KB Home Drops the Most in a Year After Reporting Wider Loss Than Estimated

KB Home, the U.S. homebuilder that targets first-time buyers, tumbled the most in a year in New York trading after reporting a wider-than-estimated loss and a drop in new orders.

The net loss was $30.7 million, or 40 cents a share, for the fiscal second quarter, compared with a loss of $78.4 million, or $1.03, a year earlier, KB Home said in a statement today. Analysts predicted a loss of 31 cents a share, according to the average of 17 estimates in a Bloomberg survey.
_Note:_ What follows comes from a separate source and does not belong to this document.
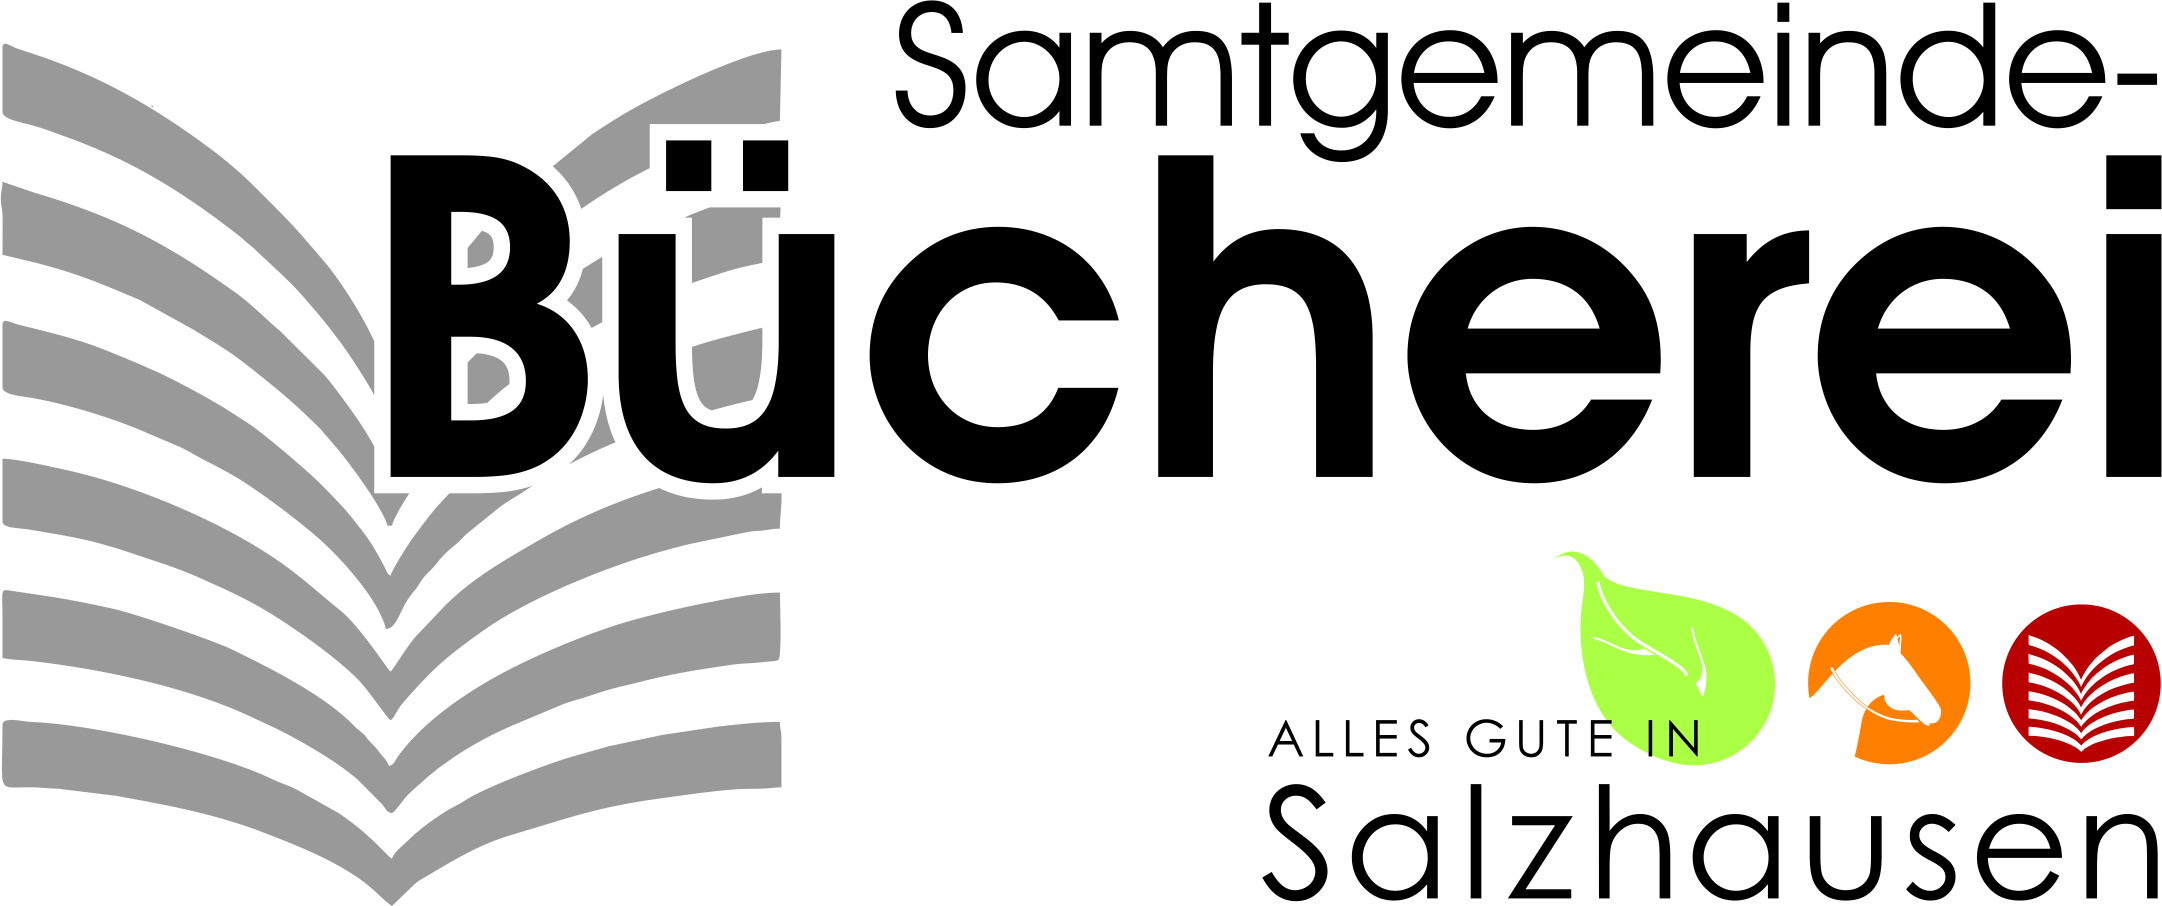 Logo Samtgemeindebücherei
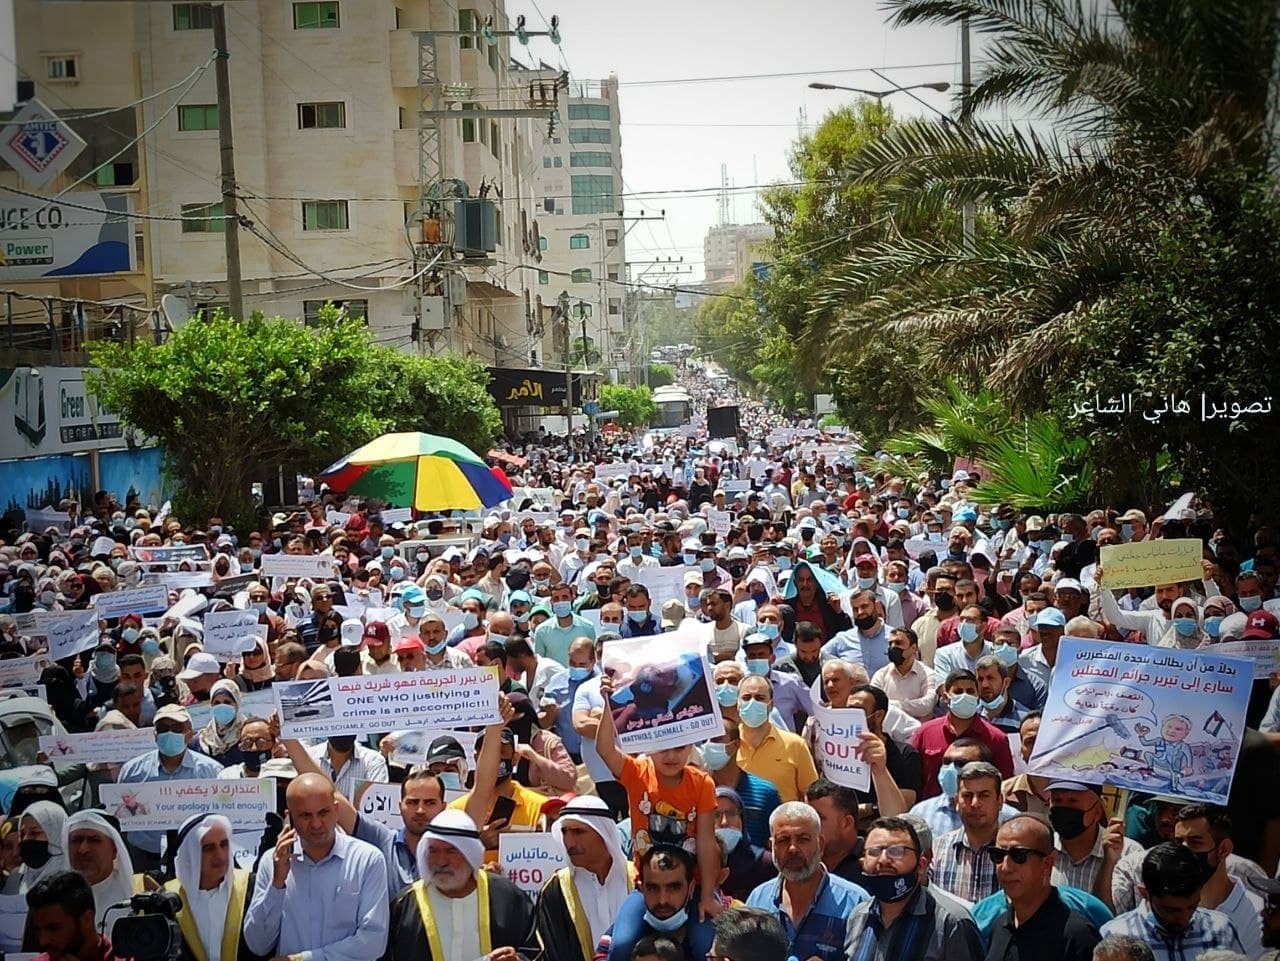 لآلاف يخرجون في غزة للمطالبة بإقالة مدير عمليات الوكالة ماتياس شمالي

The stock slid 9 percent, the most since June 2009.

U.S. builders are reporting falling sales as homebuyers retreat from making purchases after the expiration of a government tax credit at the end of April. KB Home cited the end of the incentive and an overall weak economy as reasons for its 23 percent decline in new orders.

“The tax credit, it pulled forward demand from May and June,” Evan Fox, an analyst with Olympia Capital Markets Group, said in an interview on Bloomberg Television’s “In the Loop With Betty Liu.”

Purchases of new U.S. homes fell last month to the lowest level since records dating to 1963, the Commerce Department said this week. Los Angeles-based KB Home has been trying to win business amid the housing slump with its Open Series houses, which are smaller, less expensive and bring higher profit margins than older designs.

Photographer: Jin Lee/Bloomberg

Eli Broad the billionaire co-founder of homebuilder KB Home. Close

Eli Broad the billionaire co-founder of homebuilder KB Home.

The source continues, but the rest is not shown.